Mortgage by legal charge

In a mortgage by legal charge, the debtor remains the legal owner of the property, but the creditor gains sufficient rights over it to enable them to enforce their security, such as a right to take possession of the property or sell it.
To protect the lender, a mortgage by legal charge is usually recorded in a public register. Since mortgage debt is often the largest debt owed by the debtor, banks and other mortgage lenders run title searches of the real property to make certain that there are no mortgages already registered on the debtor's property which might have higher priority. Tax liens, in some cases, will come ahead of mortgages. For this reason, if a borrower has delinquent property taxes, the bank will often pay them to prevent the lienholder from foreclosing and wiping out the mortgage.
This type of mortgage is common in U.S. and, since 1925, it has been the usual form of mortgage in England and Wales (it is now the only form - see above).

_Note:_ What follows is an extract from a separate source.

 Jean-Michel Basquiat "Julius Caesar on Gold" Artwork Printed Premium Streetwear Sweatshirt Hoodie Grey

In Scotland, the mortgage by legal charge is also known as standard security.


History

At common law, a mortgage was a conveyance of land that on its face was absolute and conveyed a fee simple eestat, but which was in fact conditional, and would be of no effect if certain conditions were not met --- usually, but not necessarily, the repayment of a debt to the original landowner. Hence the word "mortgage," Law French for "dead pledge;" that is, it was absolute in form, and unlike a "live gage", was not conditionally dependent on its repayment solely from raising and selling crops or livestock, or of simply giving the fruits of crops and livestock coming from the land that was mortgaged. The mortgage debt remained in effect whether or not the land could successfully produce enough income to repay the debt. In theory, a mortgage required no further steps to be taken by the creditor, such as acceptance of crops and livestock, for repayment.
The difficulty with this arrangement was that the lender was absolute owner of the property and could sell it, or refuse to reconvey it to the borrower, who was in a weak position. Increasingly the courts of equity began to protect the borrower's interests, so that a borrower came to have an absolute right to insist on reconveyance on redemption. This right of the borrower is known as the "equity of redemption".

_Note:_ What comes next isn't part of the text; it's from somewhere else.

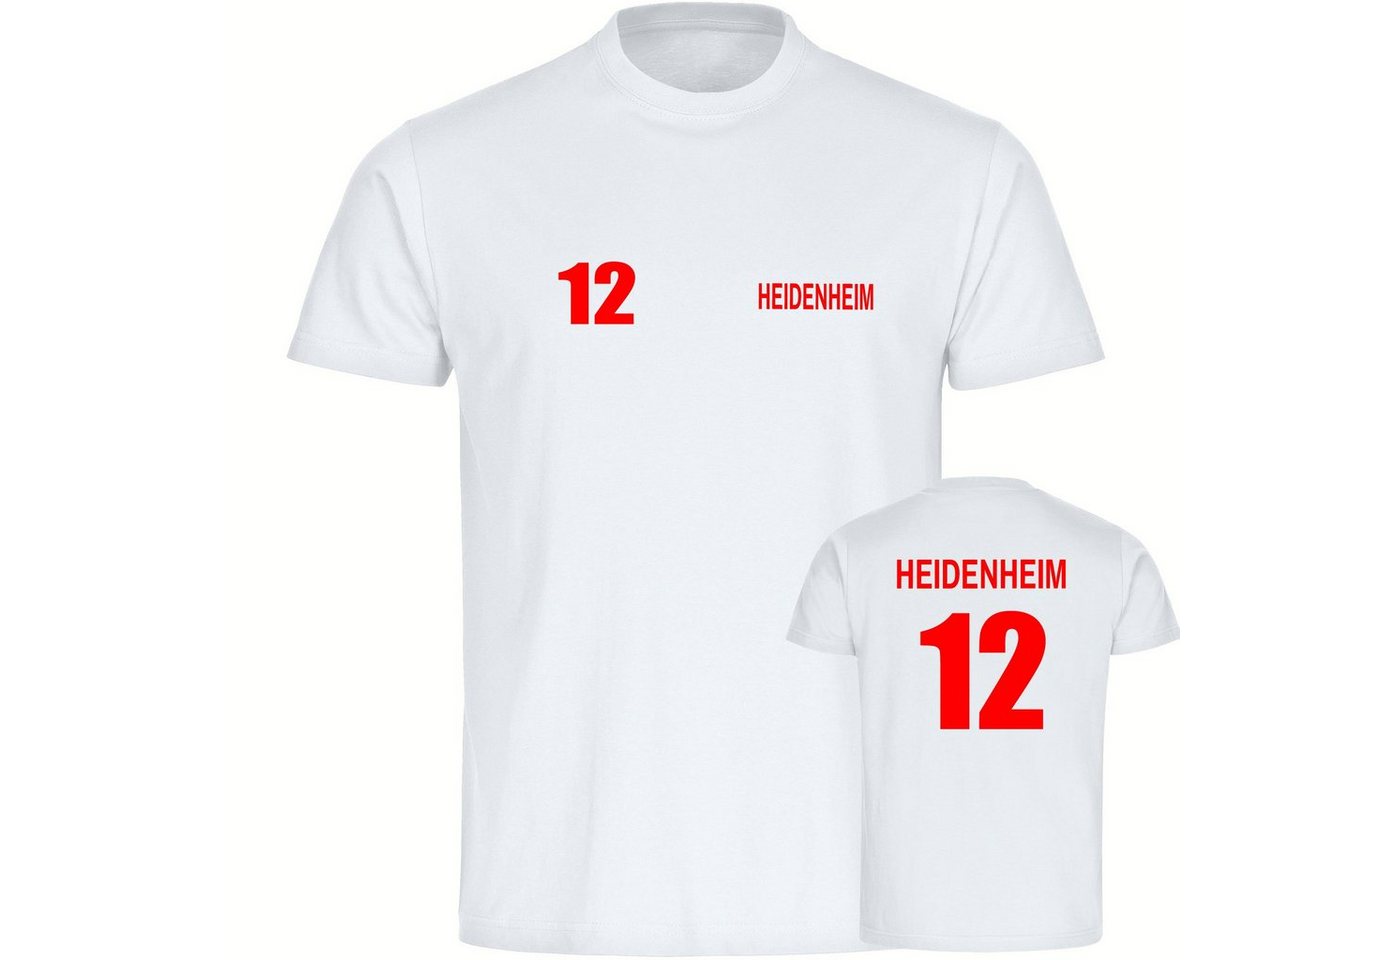 multifanshop T-Shirt Herren Heidenheim - Trikot 12 - Männer von multifanshop

This arrangement, whereby the mortgagee (the lender) was on theory the absolute owner, but in practice had few of the practical rights of ownership, was seen in many jurisdictions as being awkwardly artificial. By statute the common law position was altered so that the mortgagor would retain ownership, but the mortgagee's rights, such as foreclosure, the power of sale and the right to take possession would be protected.
In the United States, those states that have reformed the nature of mortgages in this way are known as lien states. A similar effect was achieved in England and Wales by the Law of Property Act 1925, which abolished mortgages by the conveyance of a fee simple.
In the United States, mortgages became widely used starting in 1934. In that year, the Federal Housing Administration (FHA) lowered the down payment requirements by offering 80% loan-to-value loans. Next, banks, insurance companies, and other lenders followed the example. The FHA also lengthened loan terms by first introducing 15-year loans to supplant 3, 5, and 7-years loans which ended with a balloon payment. Until the 1930s only 40% of U.S. households owned homes; the rate today is nearly 70%. In 2003, total U.S. residential mortgage production reached a record level of $3.8 trillion through record low interest rates (though these continue to vary according to credit rating.)